### Aim of the exercise
In this exercise, print only the lines of the records below from the one with "Bild aus dem" through the one with "Page 6 of manga Coin Laundry e Ikou!", inclusive. Pictures are not part of the copy.

### Input records

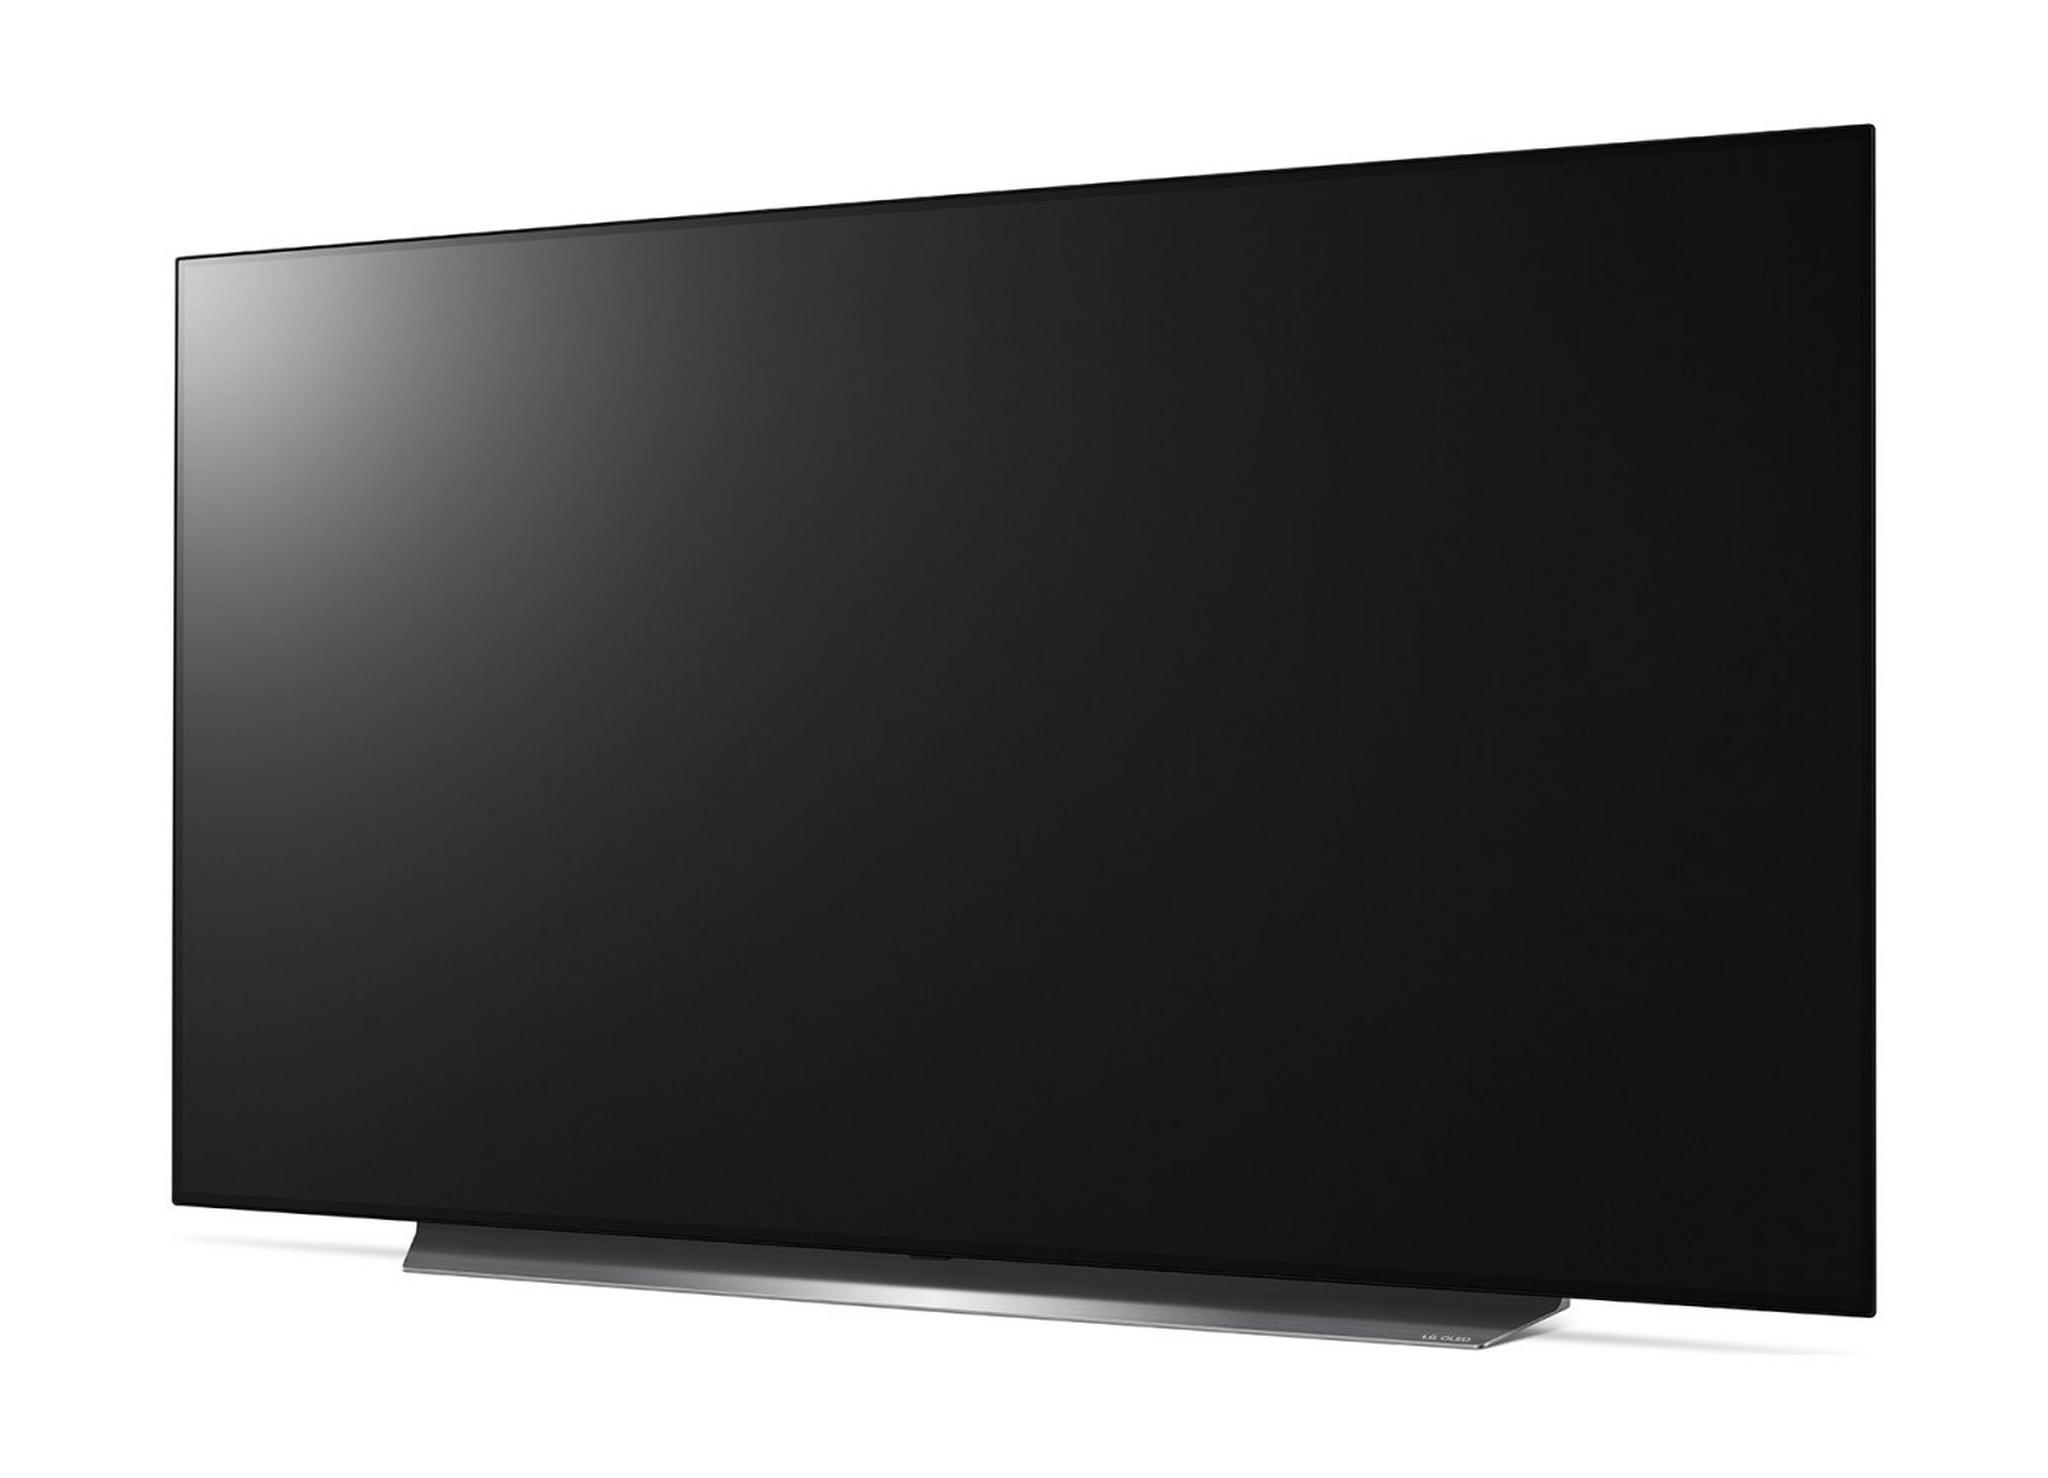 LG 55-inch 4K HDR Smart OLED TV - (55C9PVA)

...

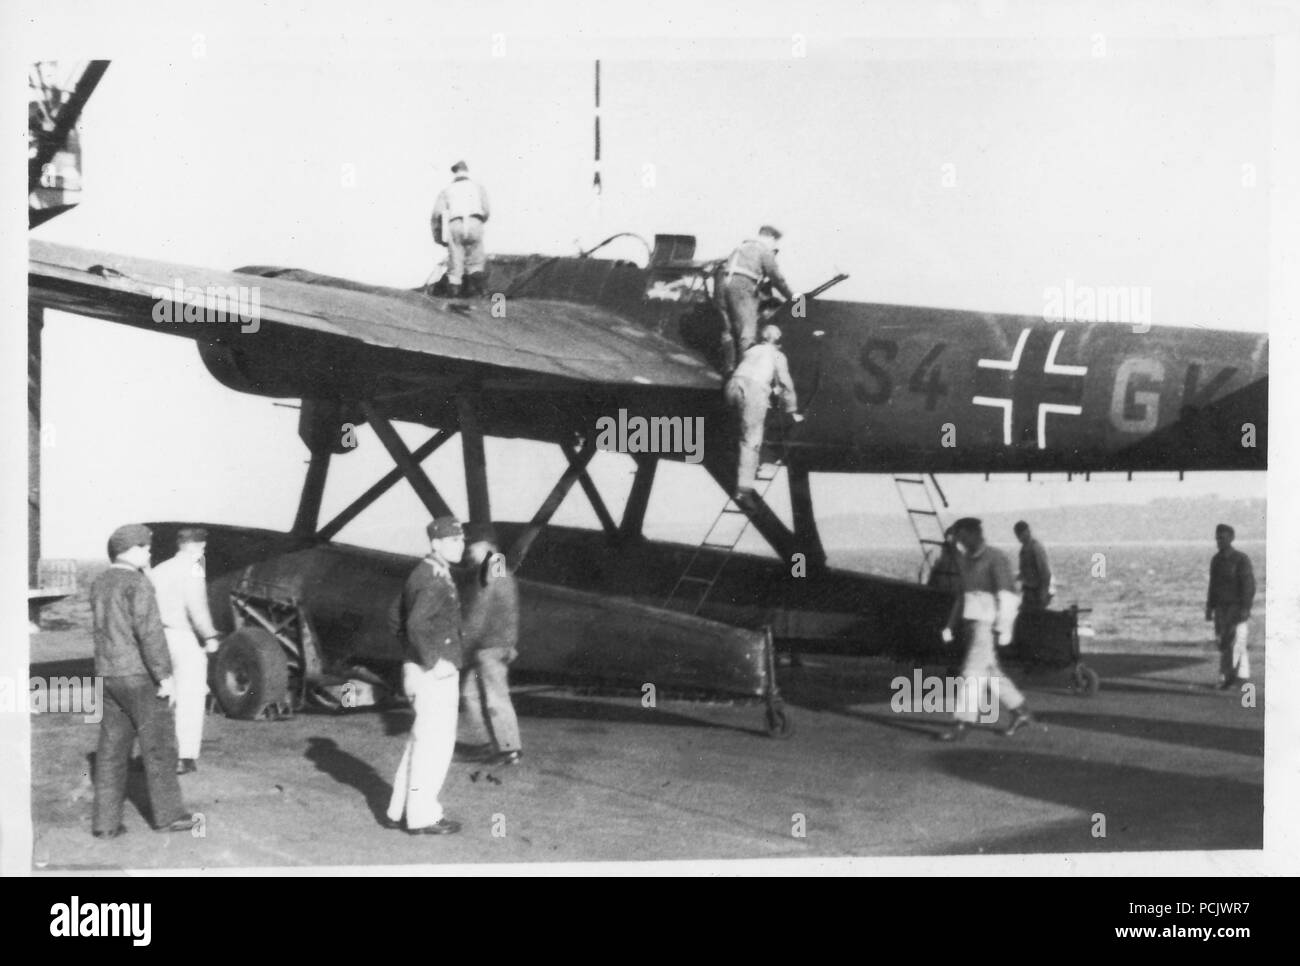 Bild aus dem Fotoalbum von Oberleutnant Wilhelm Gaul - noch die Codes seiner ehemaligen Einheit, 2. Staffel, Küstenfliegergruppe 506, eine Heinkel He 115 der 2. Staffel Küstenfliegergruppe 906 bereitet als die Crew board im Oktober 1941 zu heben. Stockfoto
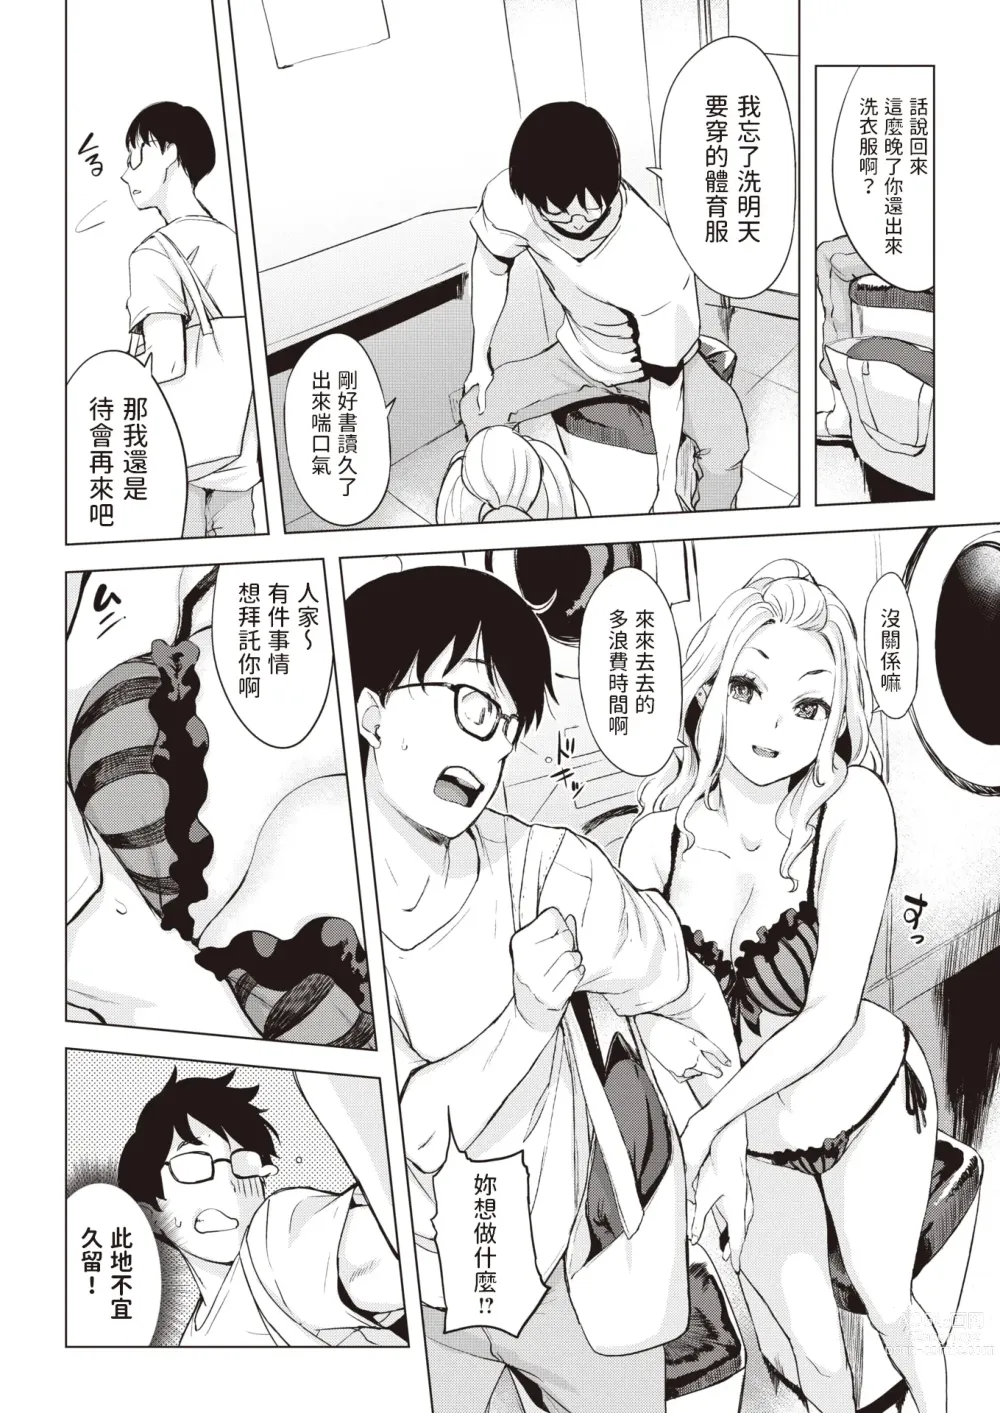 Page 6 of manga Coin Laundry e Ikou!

### Exercise output
 Bild aus dem Fotoalbum von Oberleutnant Wilhelm Gaul - noch die Codes seiner ehemaligen Einheit, 2. Staffel, Küstenfliegergruppe 506, eine Heinkel He 115 der 2. Staffel Küstenfliegergruppe 906 bereitet als die Crew board im Oktober 1941 zu heben. Stockfoto
 Page 6 of manga Coin Laundry e Ikou!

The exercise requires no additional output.